Un espanto acudió en mi ayuda. Llegó una castaña abominable, con el pelo rizado y unos lentes redondos. Abrazó a Adela y escupió un gargajo. Reculé dos pasos.

Adela levantó la mano y giró el cuerpo para largarse. La noche apareció de pronto. Miré ese gran culo en retirada que podría tragar mi vida. La facilidad de encontrarla y volver a perderla me disgustaba a la vez que me espoleaba a una nueva cacería.

Es ese barniz de lo improbable, de lo prohibido, lo que muchas veces nos impulsa a tocar lo impalpable. No reduje a lamento esa súbita pérdida. Regresé al único cielo que me había cubierto hasta entonces: el álgebra, la astronomía y la historia. Bendije mi trabajo y me perdí en la boca del callejón que lleva directo al Instituto.

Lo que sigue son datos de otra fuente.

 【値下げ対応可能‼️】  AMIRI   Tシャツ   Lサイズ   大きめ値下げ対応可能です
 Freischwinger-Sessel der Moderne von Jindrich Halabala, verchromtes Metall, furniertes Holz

Al día siguiente de haber atisbado el culo de Adela, fui a la biblioteca. Ella estaba sumida en una ficha técnica; buscaba un libro en los estantes de geografía.

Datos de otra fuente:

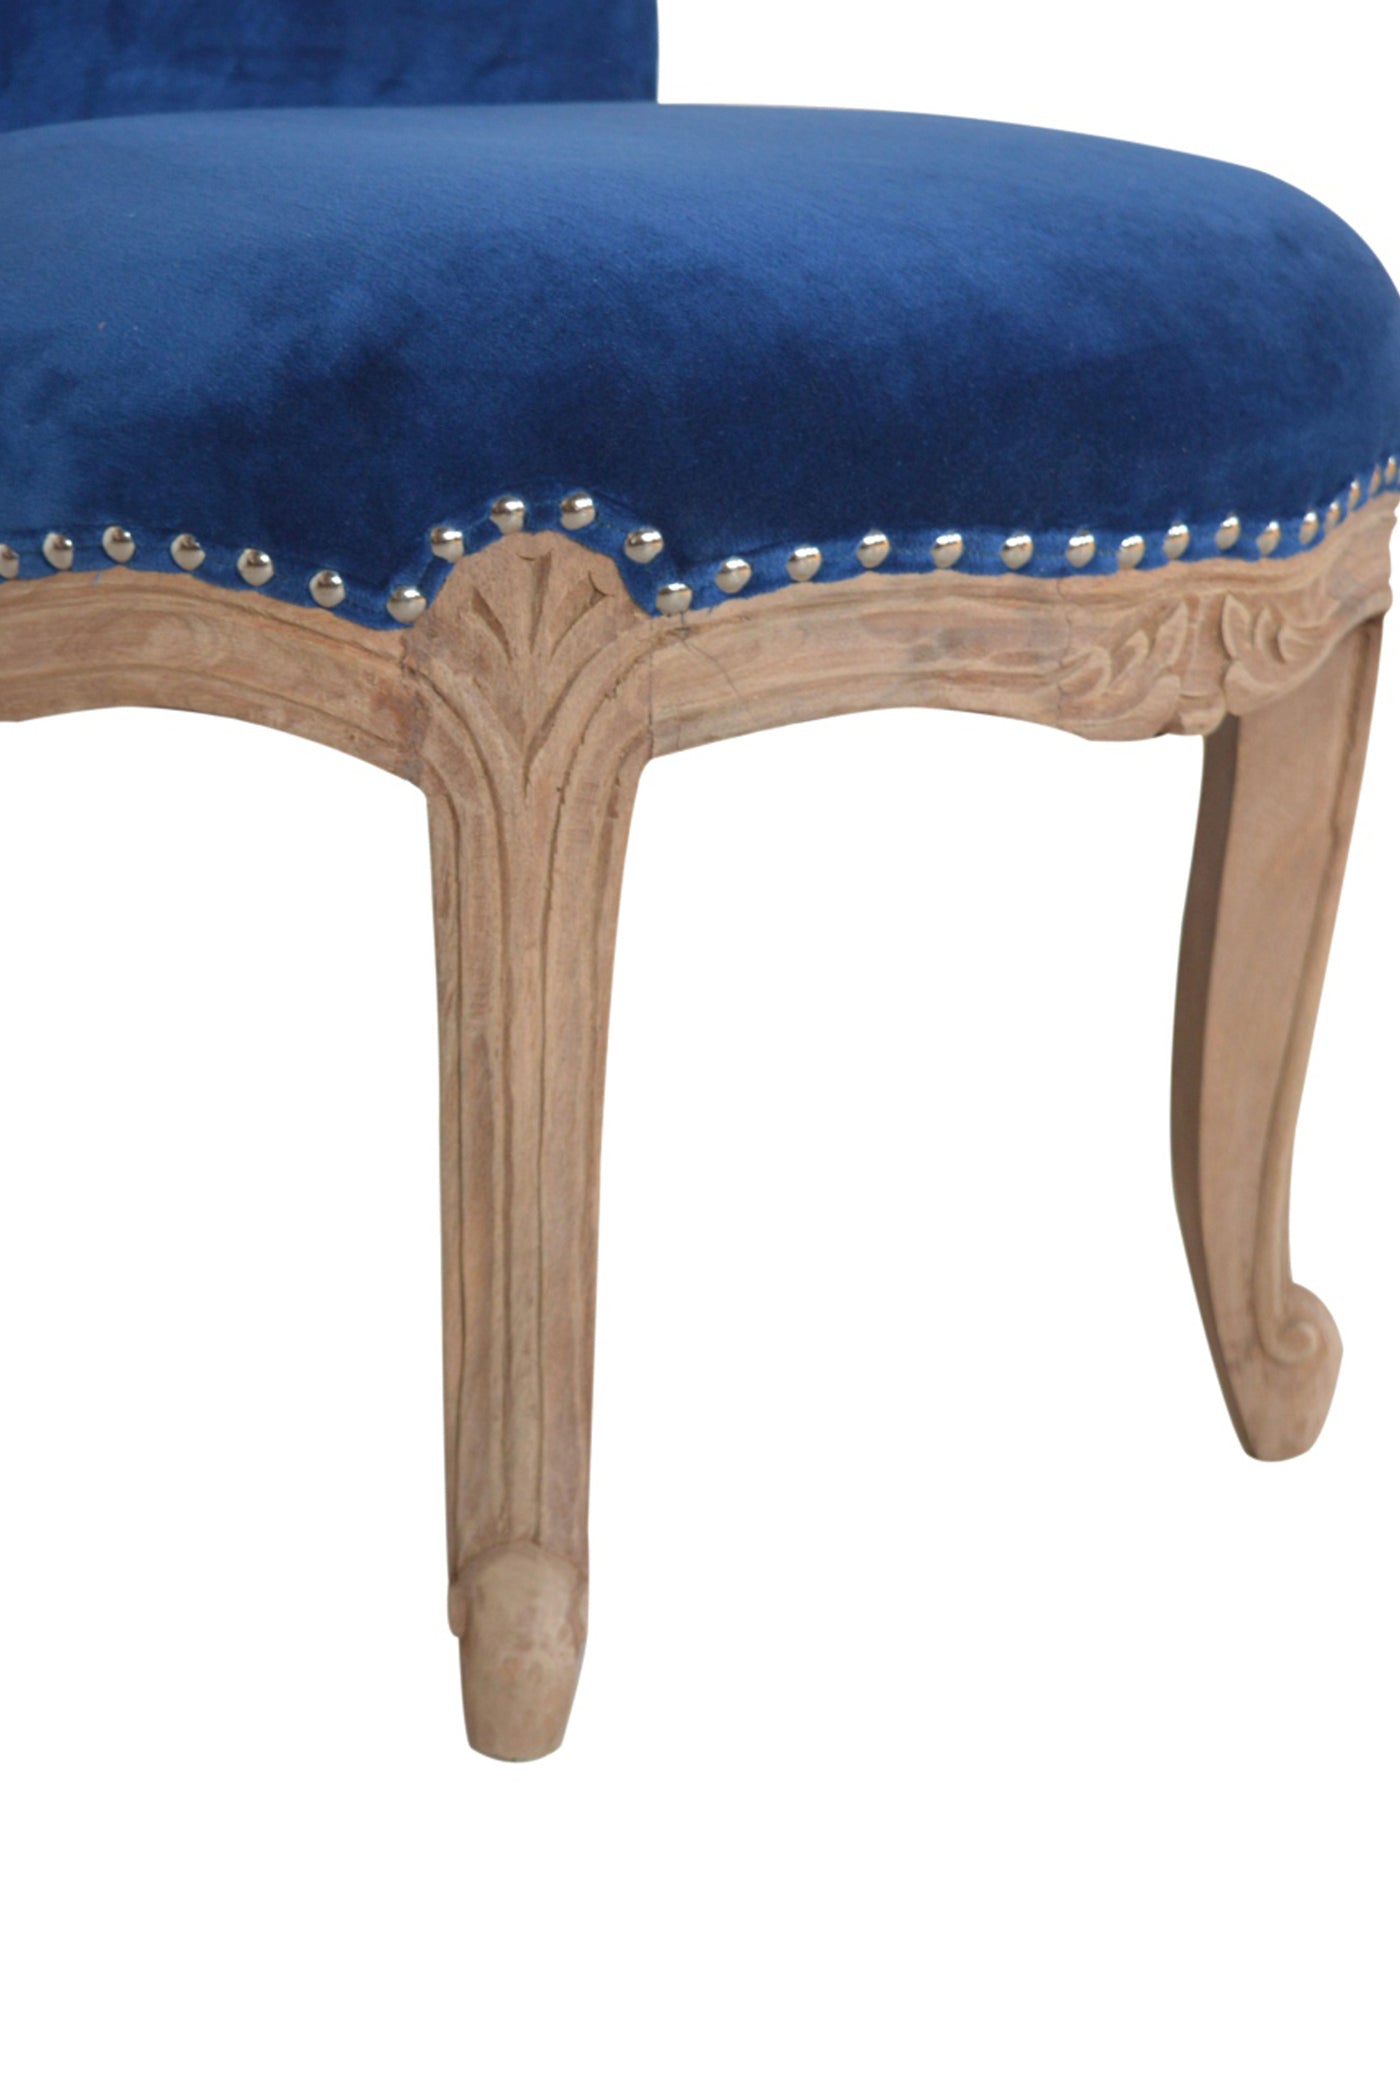 Versailles - Chair Studded Blue

Cuando por fin nuestras miradas se enlazaron, ella diseñó una sonrisa desconcertante. Cualquier flama tiene menos violencia. Tal vez deseaba echarme de su vida o dejarme a su lado. Estaba perdido, habría llorado de rabia si era un rechazo. Vagabundeé como perro callejero. Sostenía un deseo: verla de nuevo a toda costa.

Esperé hasta la hora de salida. La seguí de cerca. Supe enseguida que aquella mujer sería mucho más que una simple aventura. Caminamos por las avenidas, por los parques, tejiendo conversaciones imaginarias. Debajo de un álamo, en las sobras de la tarde, le tomé la mano y ella giró en redondo.

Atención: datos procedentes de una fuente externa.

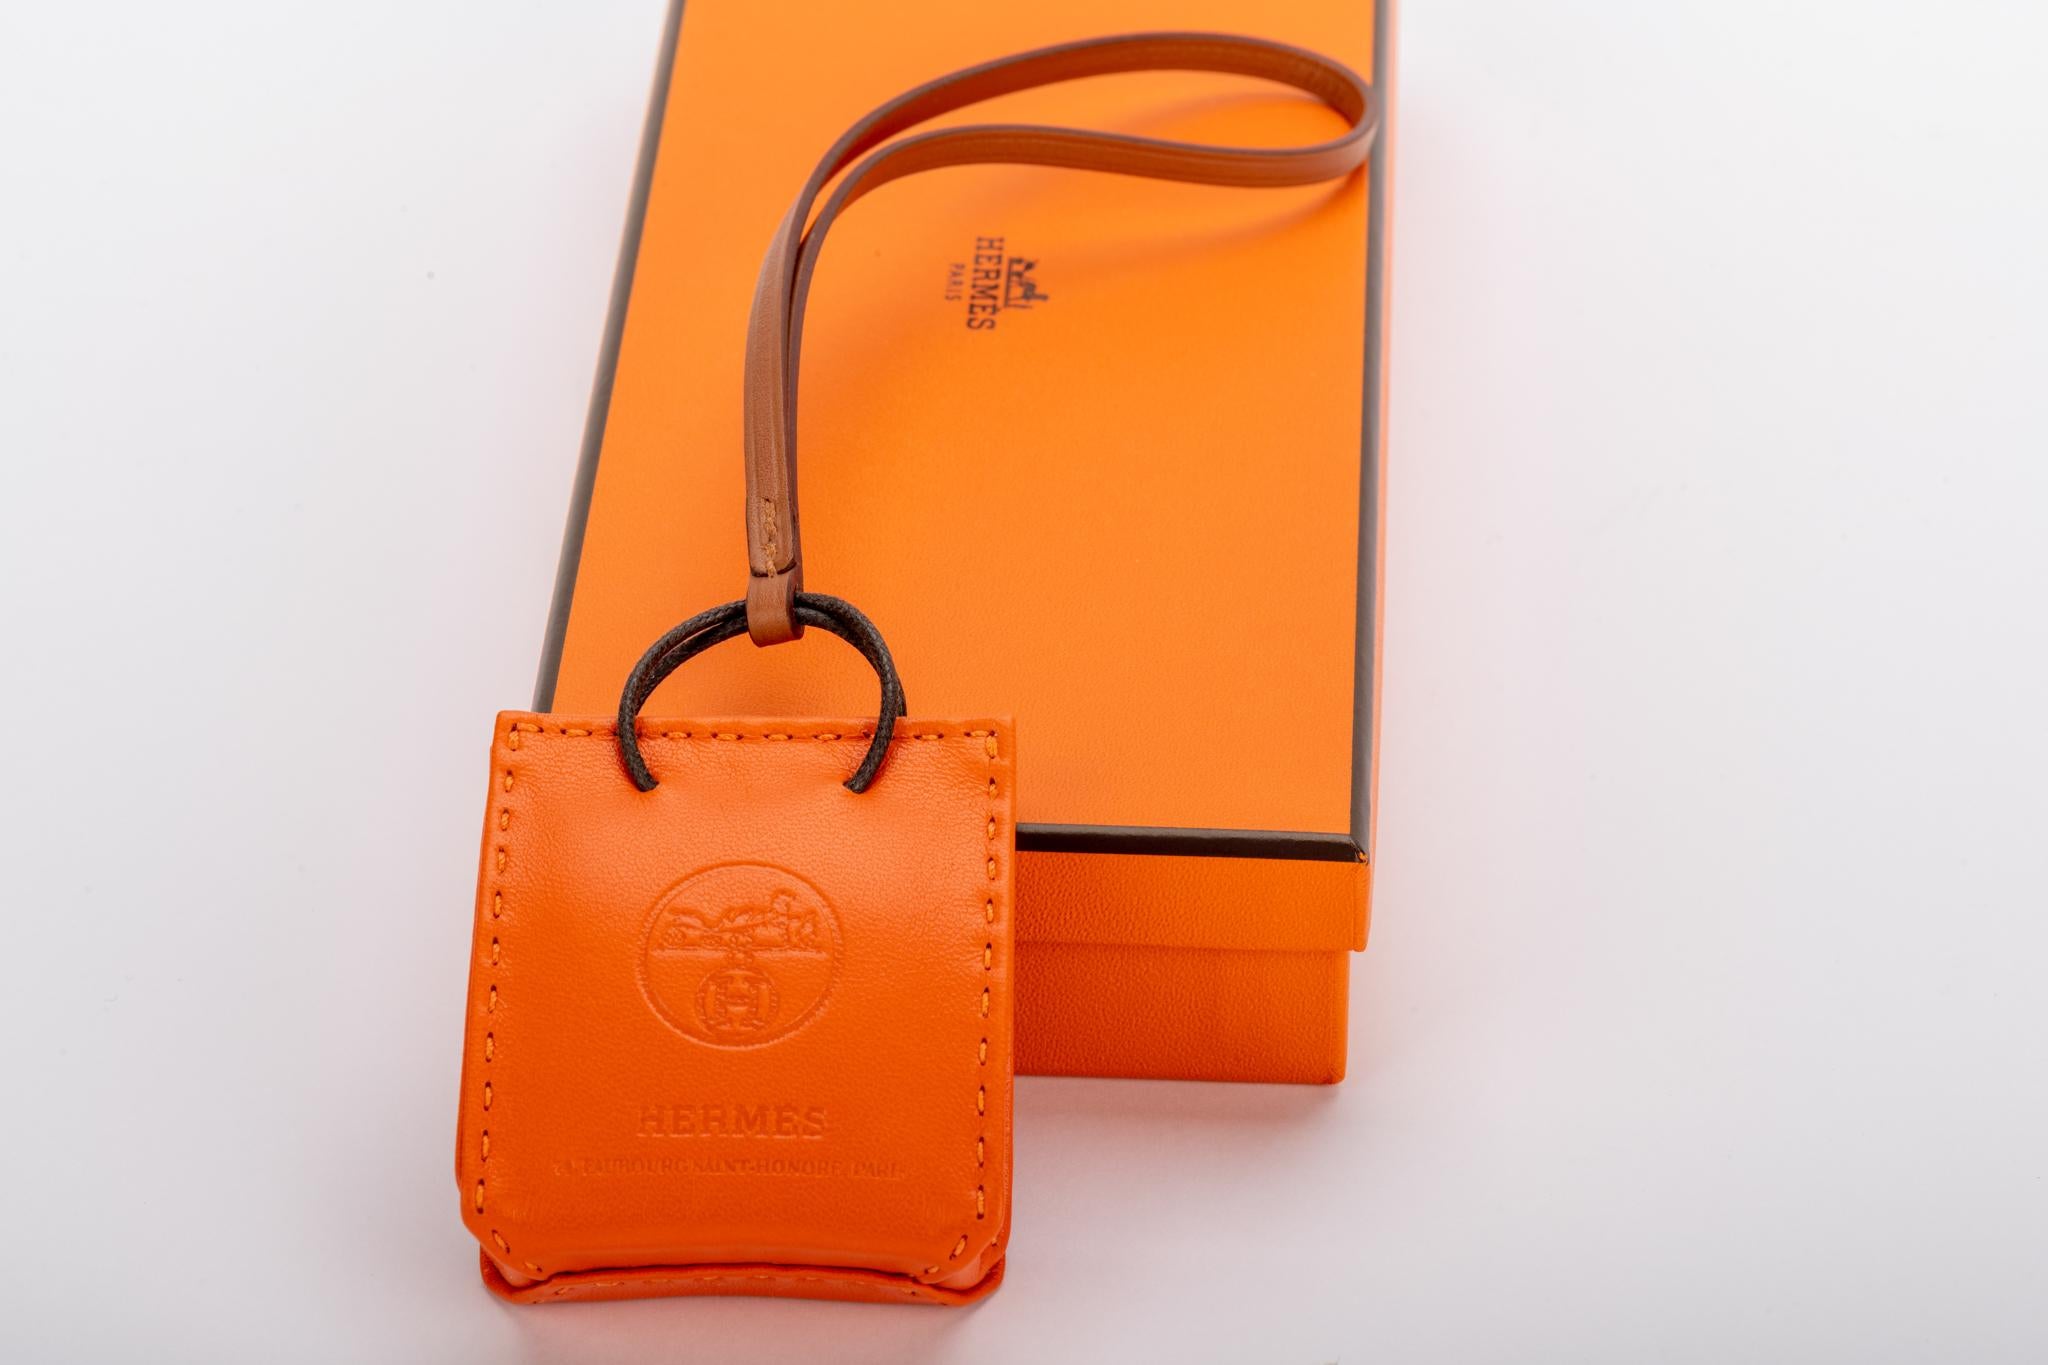 Hermès collection 2020 charme de sac orange en cuir swift. Neuf avec boîte d'origine.

Era como un hereje que a fuerza de negar a Dios se le acerca. Por instantes dudé. Alzó la cara y apretó los labios. Extrañado la sujeté ahora con ambas manos. No me quedaba nada, ni siquiera la experiencia de mi edad para resolver esos rechazos. La fuerza de mi abrazo ocasionó un choque de nuestros dientes. Una carambola de las narices. De acuerdo con las reglas del decoro, todo empieza con un beso y acaba en la cama. Pasó mucho rato antes de que pudiera absorberla en un beso.

No pude medir el tiempo y en la primera oportunidad que tuve abrí los párpados. La oscuridad caída en el parque animaba la llama del paso siguiente. Los pocos ruidos del parque eran ásperos gemidos, como el rodar de hojas en invierno.

Adela tenía un aspecto enloquecido. El impulso de la libertad sólo podía ser marginal y novelesco.

Ya le he dicho que, para mí, Adela era hermosa. Las expresiones de odio y deseo que resplandecían en su rostro, la situaban en el plano de los seres asexuados.

Ángeles o serafines. Seres lejanos y profundos que las prácticas simples del sexo no podían licuarse de momento.

La sincronía con la que había llevado mi vida, la palidez y el orden fueron desmoronándose. Adela llegaba con un sol adentro para iluminar ese hondo abismo de mi vida ordinaria. En unas cuantas horas aprendí que la vida no es un cuaderno de notas, sino una permanente intriga.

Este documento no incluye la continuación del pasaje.